The test suite runs each AI function with sample data, records the output, and sends everything to the judge. The judge looks for obvious problems - errors, timeouts, empty responses, malformed data.

typescript

// Run tests in parallel
const tests = [
  () => tryTest({
    fn: generateDocument,
    label: "GENERATE DOCUMENT",
    args: [sampleDocumentData],
  }),
  () => tryTest({
    fn: parseFromPDF,
    label: "PARSE PDF",
    args: [samplePDFBuffer],
  }),
  // ... more tests
];

const allResults = await Promise.all(tests.map(t => t()));
const judgment = await llmAsAJudge({ allResults });

if (judgment.failed_tests > 0) {
  console.log("Issues found:");
  judgment.issues.forEach(issue => {
    console.log(`[${issue.severity}] ${issue.test_label}: ${issue.issue_description}`);
  });
} else {
  console.log("No issues found");
}

This doesn't catch everything. The judge might miss subtle quality issues. But it catches the obvious breaks - the ones where you changed something and now the whole thing returns errors or empty data.

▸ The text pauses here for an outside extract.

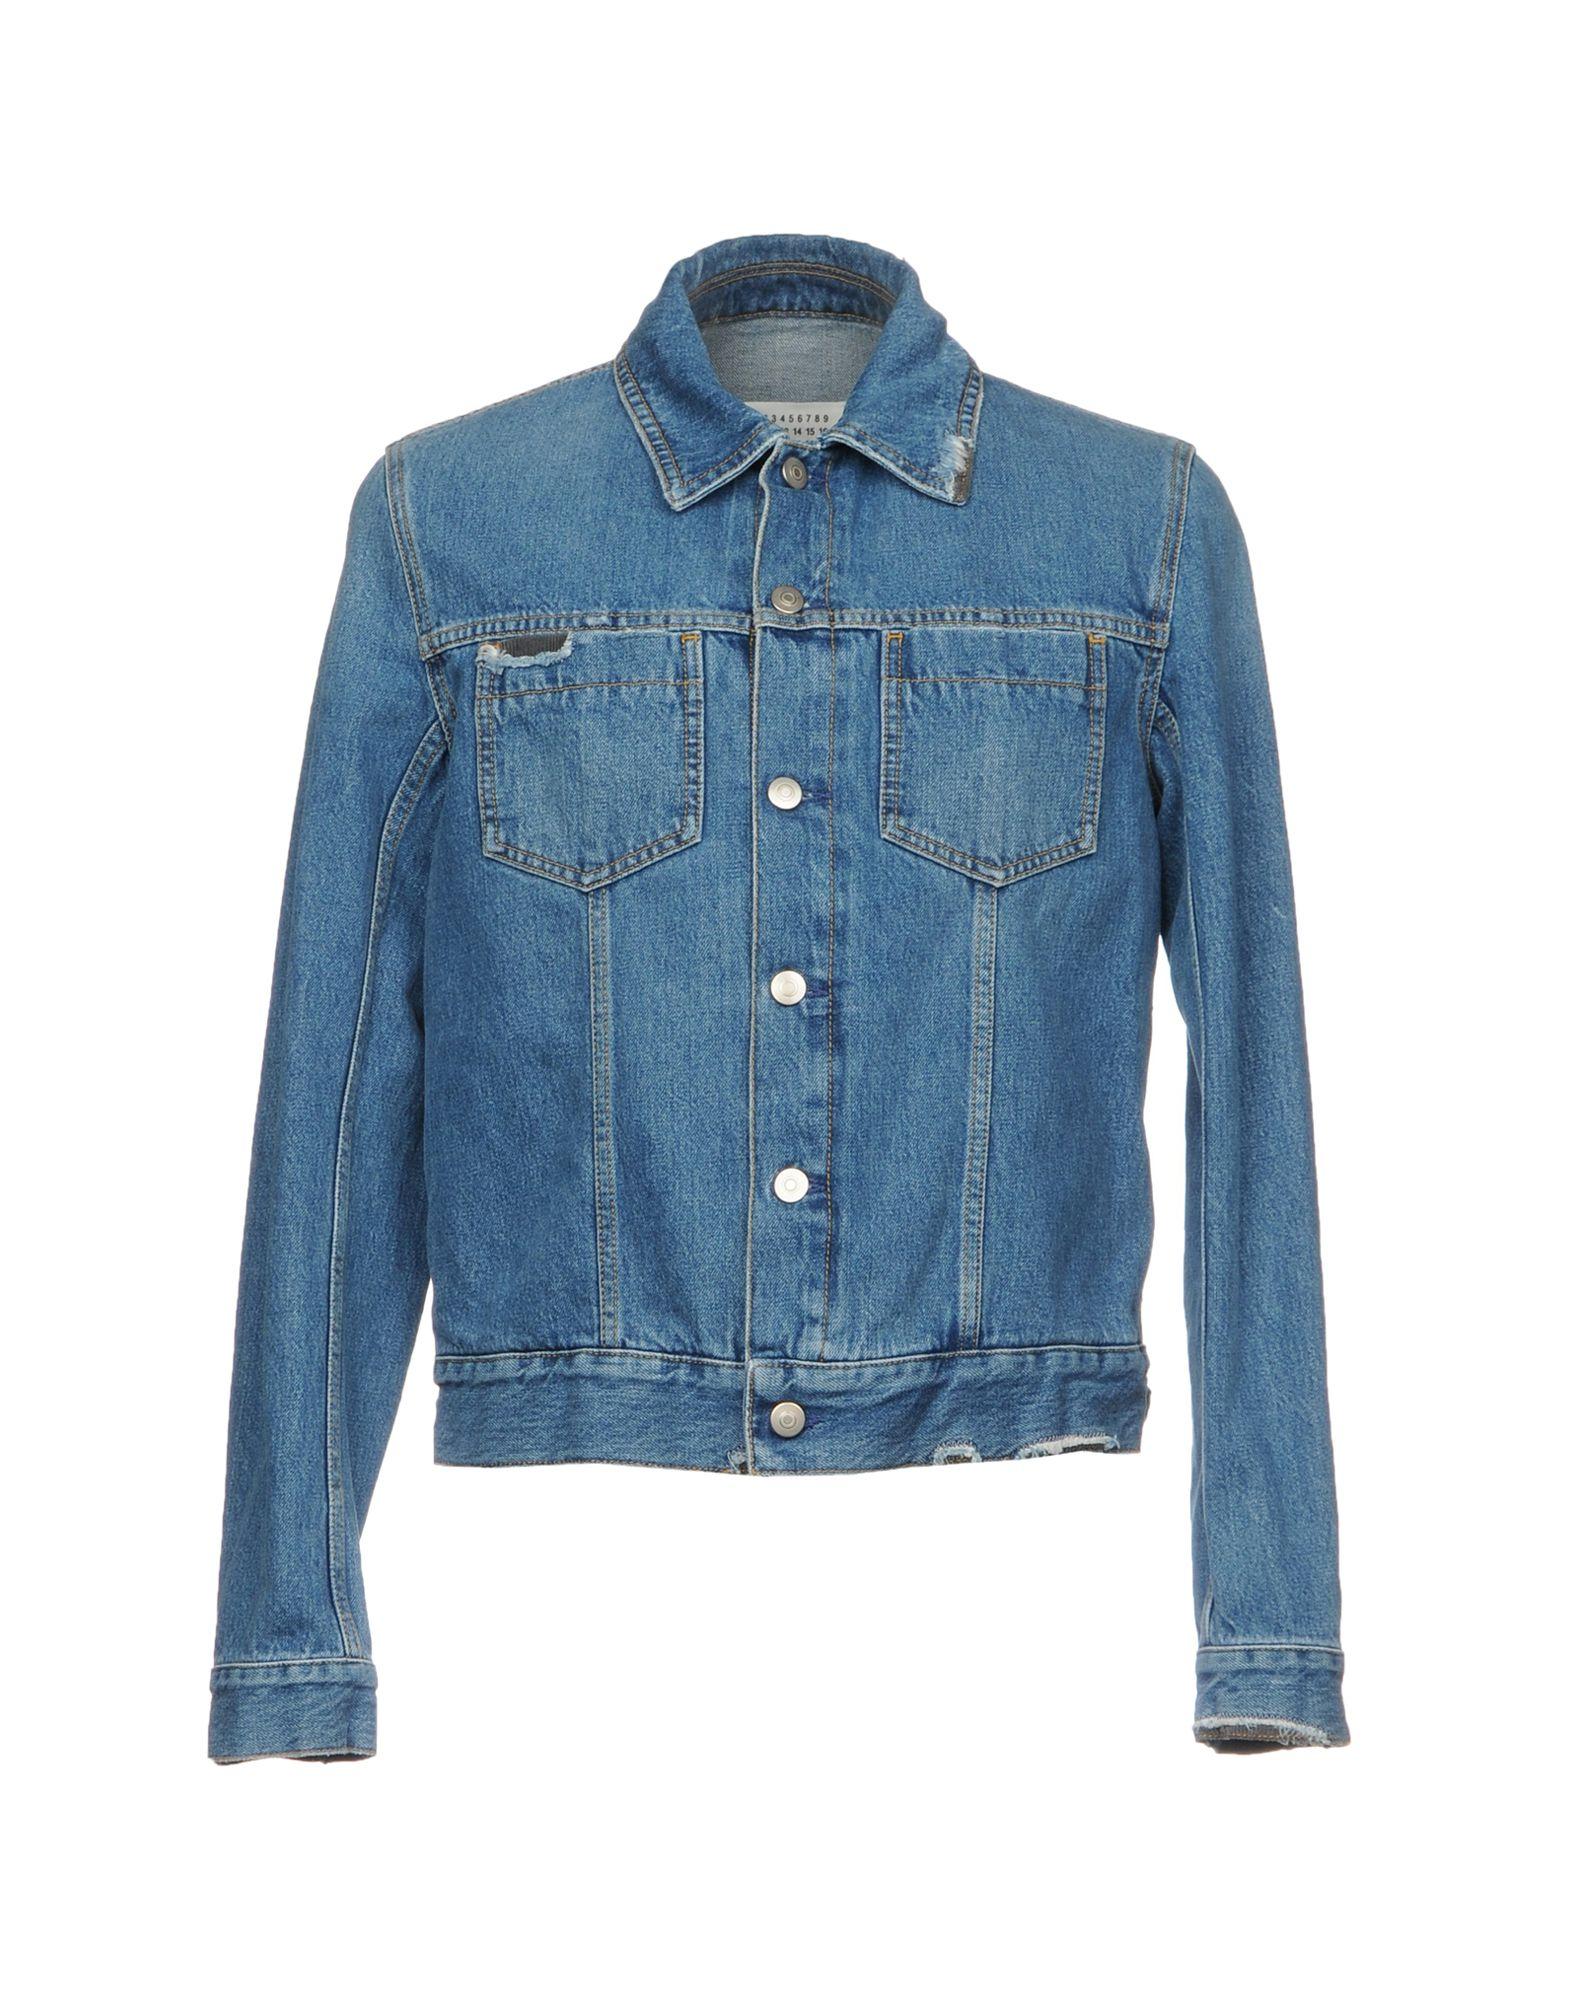 Giubbotto Jeans Maison Margiela Uomo - Acquista online su

Human evals for everything else

LLM-as-a-judge catches technical failures, but can't do a deep quality check. Is the generated document professional? Does it match the user's industry? Is it specific enough?

This is where human evals come in. Simple thumbs up/down buttons after every AI output do the trick.

When someone clicks thumbs down, log everything - the input, the output, the model used, any feedback they provide. Then go back to the system prompt and adjust. And keep adjusting until you're mostly getting thumbs up.

The key insight is that users will tell you when something is wrong. They won't always tell you why, but they'll tell you that. Combined with the logged data, you can usually figure out what went wrong.

Over time, the collection of bad outputs becomes your regression tests. When you change a prompt, check if it would still produce good output for the cases that previously failed.

What I learned

You can't test LLM outputs the same way you test traditional software. The goal isn't to prove that the output is correct - it's to catch when something goes obviously wrong.

LLM-as-a-judge tests run before every deploy. They catch technical failures. Human evals run continuously. They catch quality issues. The combination gives enough confidence to ship changes without breaking things for users.

It's not perfect. But it's way better than deploying blind and hoping for the best.